The network of seismic arrays used to measure earthquakes in this study (C) including an instrument in central Alaska that detected a November 2011 earthquake that originated in Taiwan (B). (Pang et al., Nature, 2023)

Earlier attempts to map the inner core, published by Pang and other seismologists, had only looked at data from a single seismic array, or patches of the inner core.

"For the first time we confirmed that this kind of inhomogeneity is everywhere inside the inner core," says Pang, who completed the work as part of his PhD studies at the University of Utah.

By inhomogeneity, Pang means Earth's inner core isn't one uniform mass, but riddled with texture that serves as a record of how it formed – and may evolve under sustained geodynamical forces and torques.

The team analyzed seismic data from some 2,455 earthquakes that were strong enough to reflect from Earth's inner core and return to the surface with detectable changes in their waves.

"This signal that comes back from the inner core is really tiny. The size is about on the order of a nanometer," explains University of Utah seismologist and study author Keith Koper. "So these baby echoes and reflections are very hard to see" in seismic data.

From those readings, Koper, Pang and colleagues stitched together a three-dimensional map representing the relative strengths of seismic waves scattered by Earth's inner core, revealing undulations and wrinkles less than 10 kilometers across.

Map of strength of seismic wave scattering of Earth's inner core.
Earth's inner core (across the equatorial plane, A) creates a patchwork of seismic wave scattering strengths. Scattering becomes stronger closer to the core's center (B). (Pang et al., Nature, 2023)

Those irregularities became more pronounced towards the center, the seismic waves scattering further once they passed 500 to 800 kilometers below the boundary between Earth's inner and outer cores.

This patterning suggests Earth's inner core went through a period of rapid growth, then slowly began to harden into the solid lump of mostly iron we know it is today.

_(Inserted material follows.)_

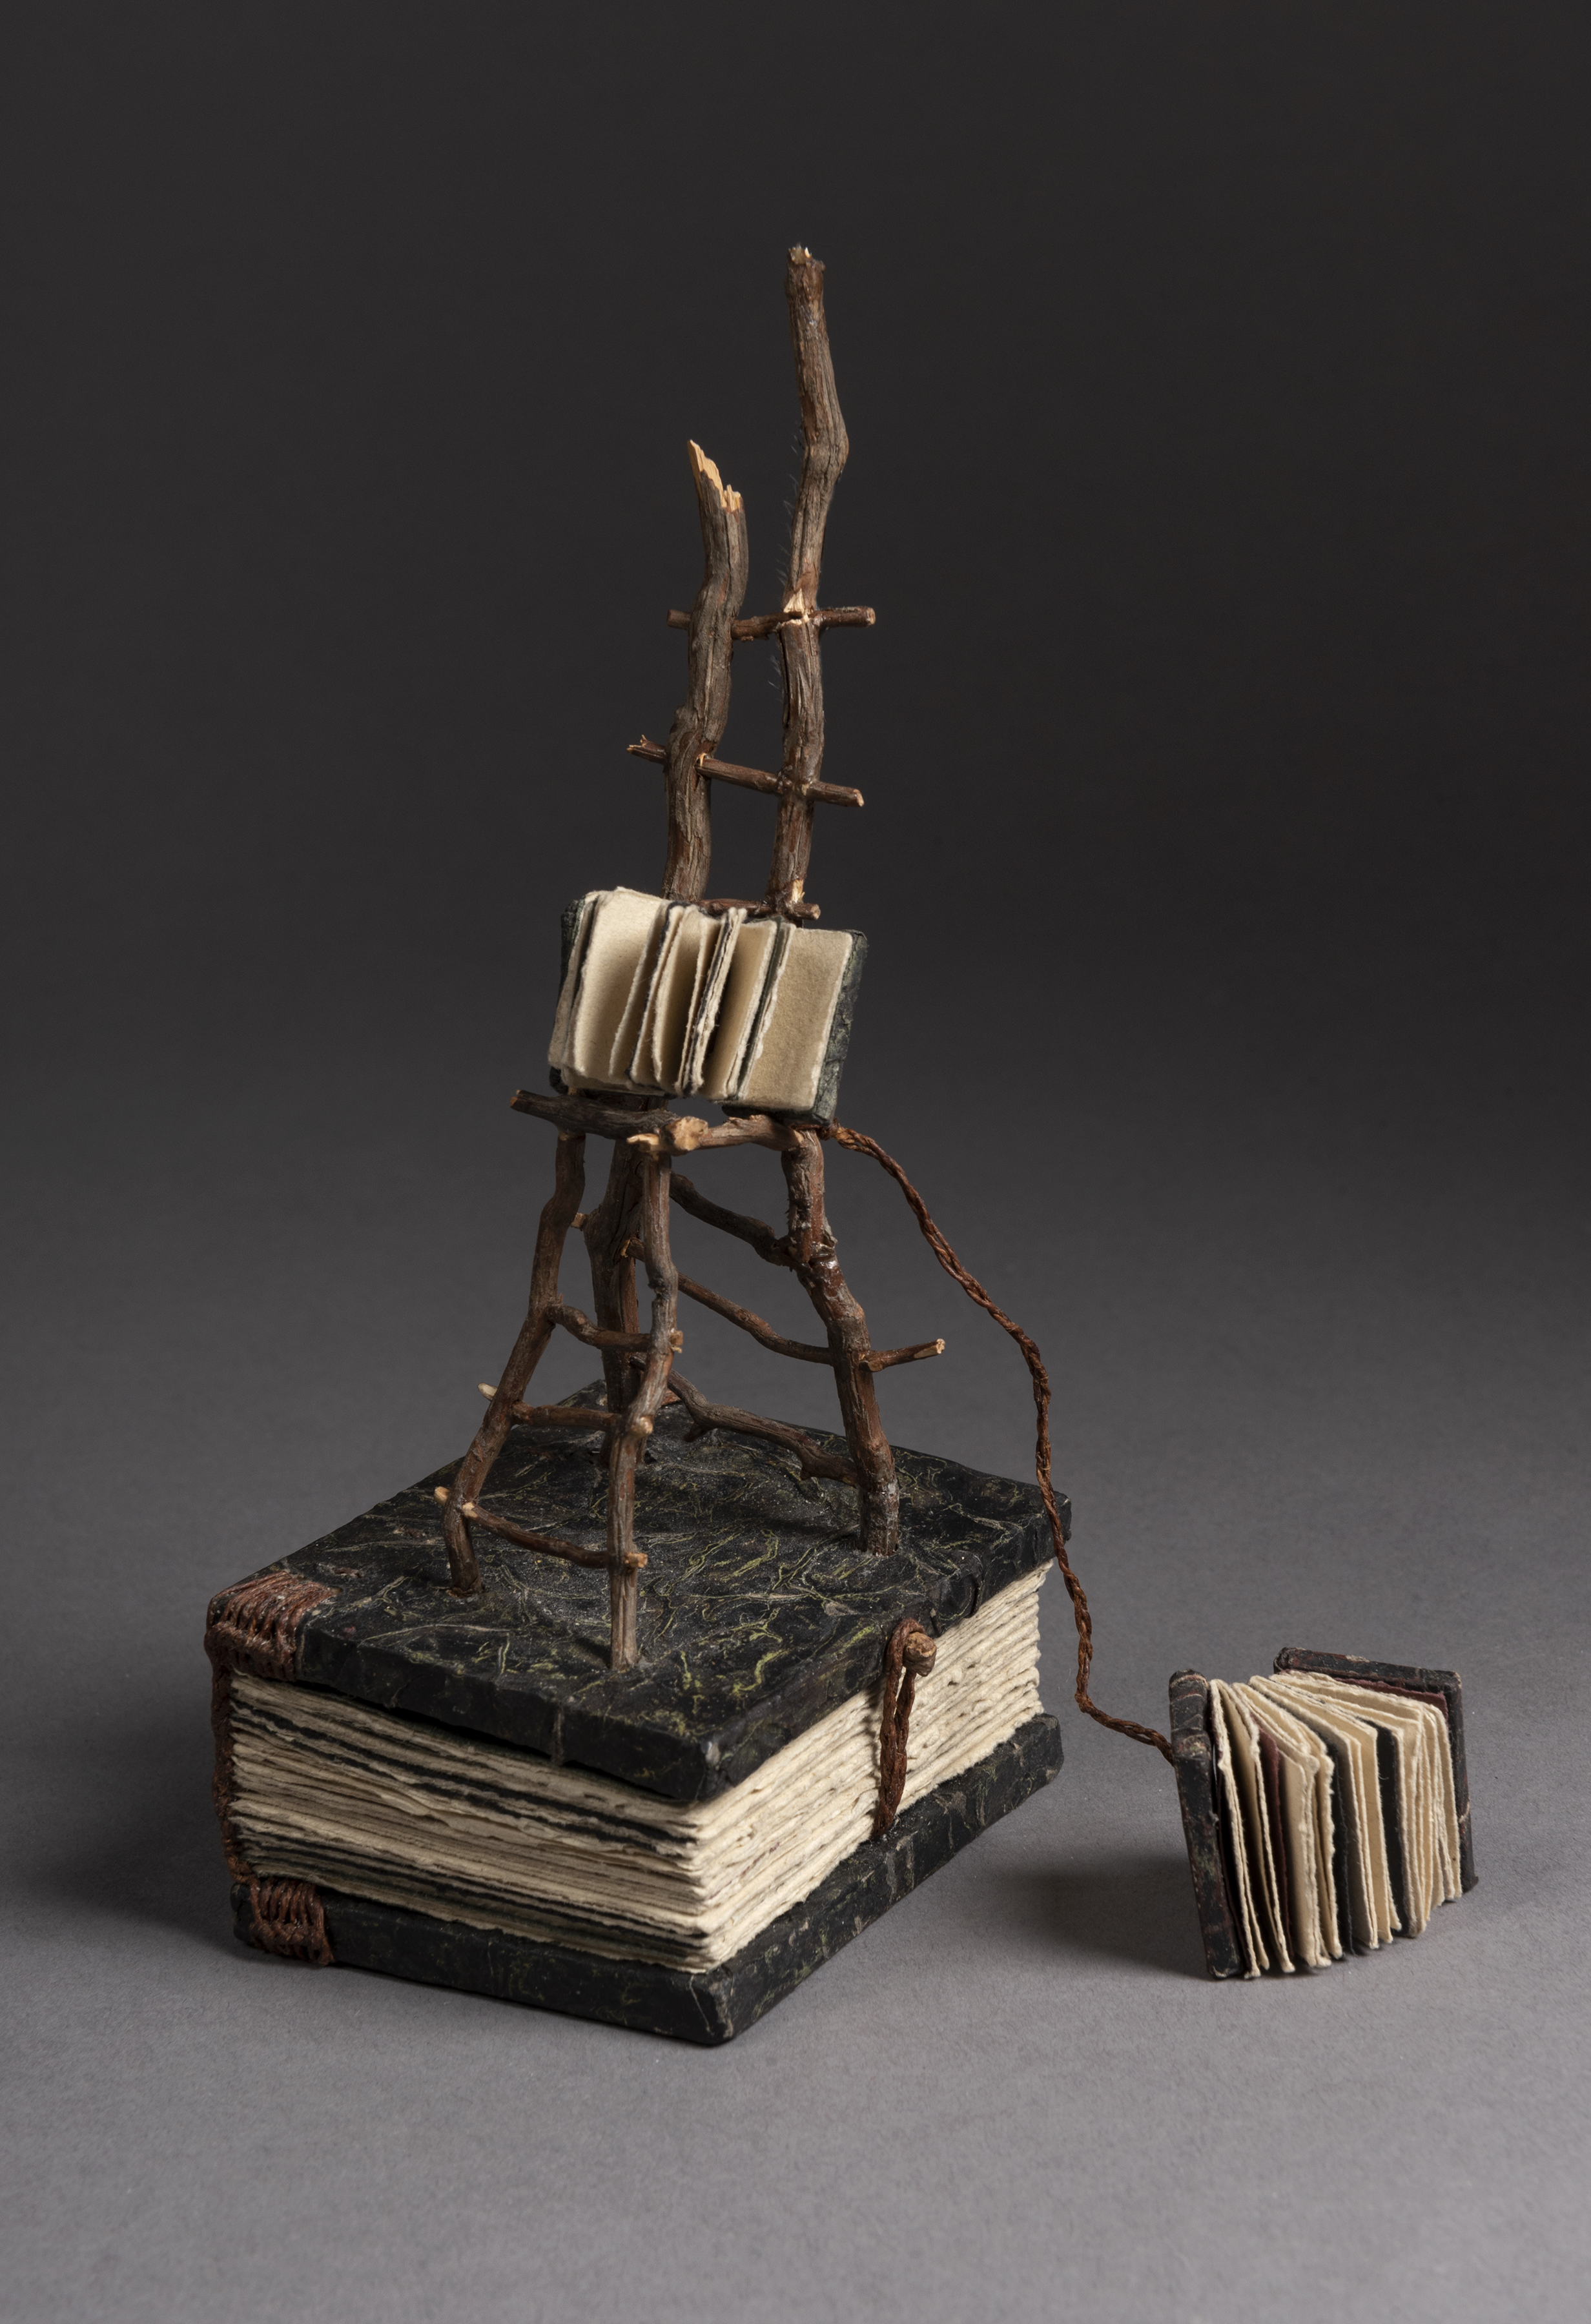 ladderbookchair.jpg

Some liquid iron might have been trapped at the deepest depths and "would freeze later in time", the researchers write in their published paper, "presumably leading to a distinct texture compared with the upper part of the inner core."

While we might better appreciate the complex inner landscape precipitating deep beneath our feet, the job is not done yet for geoscientists like Pang and Koper.

"Continued seismic mapping of inner core fabric is important because the fabric records the history and evolution of Earth's core, which in turn, bear on the history and evolution of Earth's magnetic field, convection in the fluid outer core and heat flow into the base of the mantle," the researchers note.

Understanding those things and continuing to monitor core-penetrating earthquakes might also help us keep an eye on when Earth's inner core next stops spinning.

The study has been published in Nature.